Distance maps for the analyzed samples. a — sample_001, b — sample_002, c — sample_003, concordant and discordant variants are marked in green and orange, respectively

Overall randomness of the locations of discordant genotypes across the genome, measured as cluster evenness and cluster center distance from the bisectrix, was high. However, because locations of discordant variants were limited to variants present on the corresponding BeadChip, the comparison with WGS was necessarily limited to the locations of BeadChip genome variants only. For this reason, patterns in discordant genotypes location throughout the genome were only detectable at locations thoroughly covered by variants presented at BeadChip, which generally are outside any complex genomic regions. Because of that, it was unlikely to detect any unevenness in the WGS-derived discordant genotype calls distribution.

Concordance analysis

Calculated confusion matrices for all three analyzed DNA samples are shown in Fig. 4, with metrics values presented in Table 3. These values show high overall concordance in genotyping between both WGS and BeadChip techniques. Detected discordant results may have arisen from ambiguous BeadChip genotyping call within multiallelic sites. Nevertheless, all calculated quality metrics values surpassed the recommended thresholds [6].

Fig. 4
figure 4

Confusion matrices calculated for the call sets obtained by WGS and BeadChip. WGS was defined as “true” call set, BeadChip — “test” call set, data is shown for sample_001 (male, chromosomes MT, X, Y were excluded from analysis), sample_002 (female, chromosome MT was excluded from analysis) and sample_003 (male, chromosomes MT, X, Y were excluded from analysis)
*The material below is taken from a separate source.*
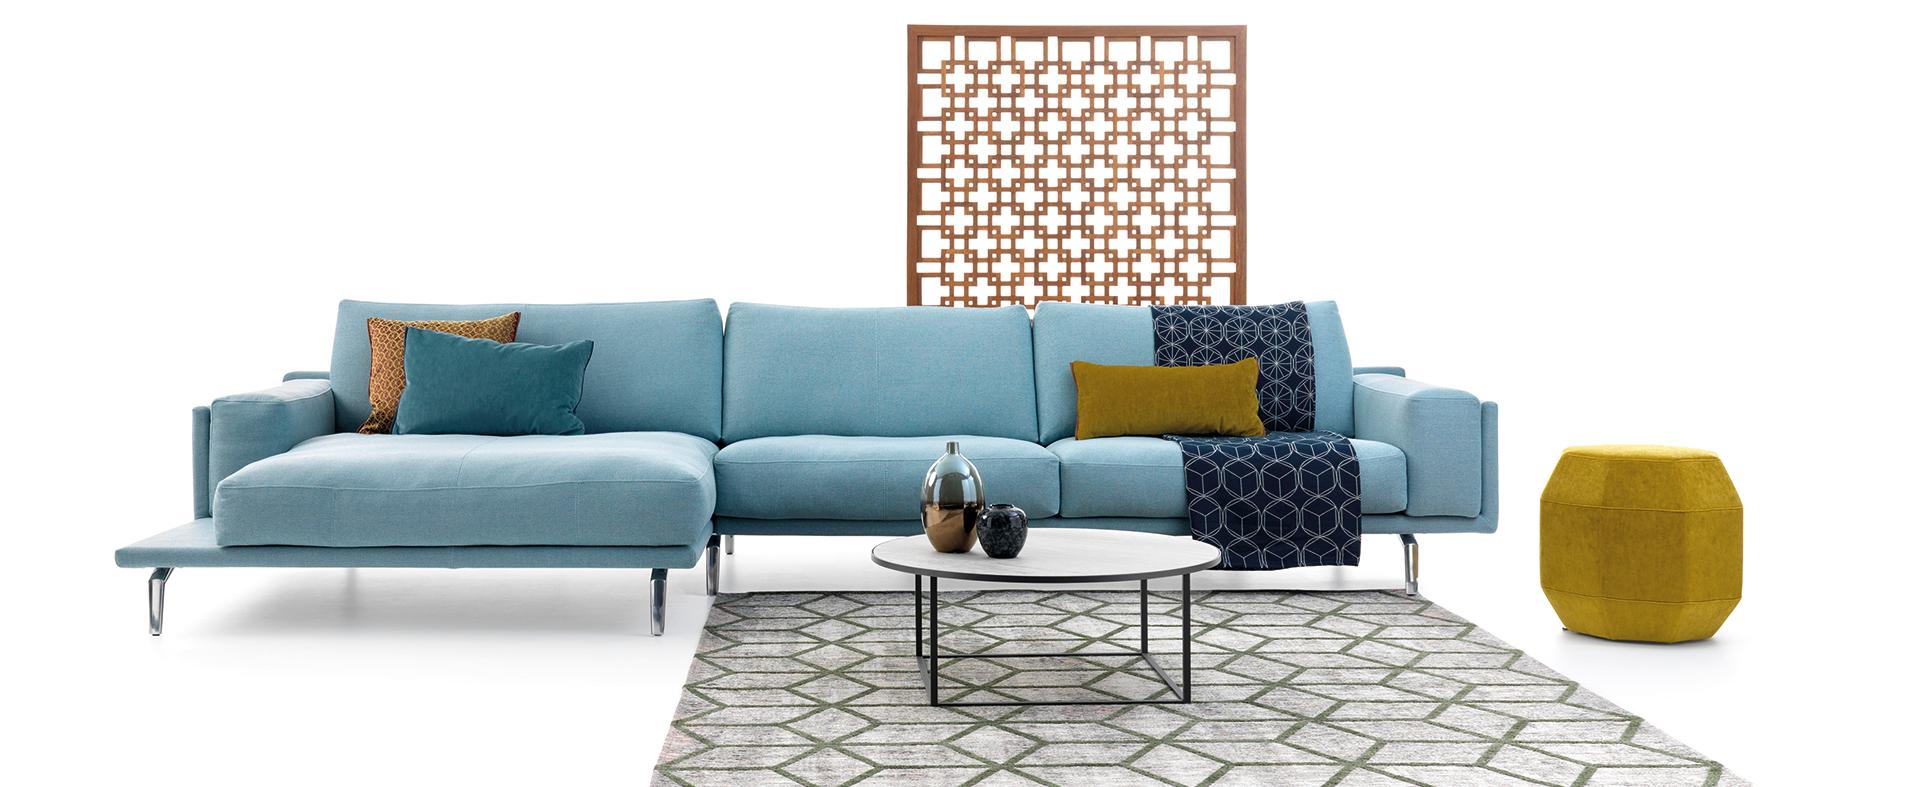 design sofas design sofa bellice by leolux UYTIJXY

Table 3 Quality metrics of genotyping comparison between BeadChip and WGS call sets

Genotyping quality metrics distributions

For all three samples, the distributions of the WGS genotyping metrics were analyzed and compared within the groups formed based on the concordance, variation class and genotype zygosity criteria (data not shown). While differences in mean values were statistically significant (Welch’s t-test, 0.05 p-value threshold) in several groups, distributions themselves exhibited low intergroup divergence. Moreover, for all group comparisons, observed differences were quite small, and their patterns were not uniform, with several groups being insufficiently large, potentially obscuring inter-group dissimilarity. Thus, discordance in genotyping could not be explained by the variance in these quality metrics. When quality metrics were analyzed for the BeadChip calls, some differences in parameters distributions were found. The distinction was remarkable only for the SNV group, as it included the significant amount of all genotyping results and thus could more precisely represent any actual deviations. Inspection of R, Theta and GC scores for both concordant and discordant variants revealed a pattern of discordant variants located close to the borders of the variant clusters (Fig. 5). Importantly, similar clusters are used in the Illumina GenomeStudio software to assign genotypes to variants (AA, AB and BB), and, therefore, any genotype lying far from the cluster centre may be mistakenly assigned an irrelevant designation. This explanation for the observed discordance pattern was, however, relevant only to sample_002 and sample_003. In sample_001, distribution of discordant variants within the clusters was more or less even. Therefore, we conclude that the observed phenomenon requires further examination. Potential finding of the clustering pattern for discordant calls may then be exploited for quality control.

Fig. 5
figure 5

BeadChip genotyping quality metrics with highlighted Sanger-validated variants. Theta, R, GC Score values for sample_002 are shown; histograms show the corresponding distributions of plotted metrics in a 1-dimensional space; concordant and discordant variants are marked in blue and orange, respectively; genotypes which are not consistent with Sanger sequencing in both WGS and BeadChip results are marked with a star, matches between Sanger and BeadChip are marked with triangles, matches between Sanger and WGS are marked with circles, variants which were not successfully genotyped by Sanger are marked with crosses

Sanger sequencing

The sliding window approach performed on sample_002 resulted in the mapping of 6 regions containing from 1 to 3 variants successfully genotyped on both WGS and BeadChip platforms and exhibiting discordant genotypes between the used platforms. Locations of these regions and encompassed variants are collated in Tables 4 and 5. A total of 12 discordant variants were selected for validation by Sanger sequencing. These variants were accompanied by 14 concordant variants located closely to discordant variants. These 12 discordant variants included 6 SNVs and 6 INDELs, of which 4 SNVs were of AA vs BB type discordancy, 2 — AA vs AB type, 3 INDELs of II vs DD type and the remaining 3 INDELs of DD vs DI (II vs DI) type. The selection was performed based on the following criteria:

  1. 1.

    Selected SNPs were successfully genotyped using both WGS and BeadChip platforms.

  2. 2.

    Selected SNPs are located close to each other within 500 bp window length (reasonable limit of one Sanger read).

  3. 3.

    Specific primers can be selected for these SNPs-containing region (by Primer-BLAST [7]).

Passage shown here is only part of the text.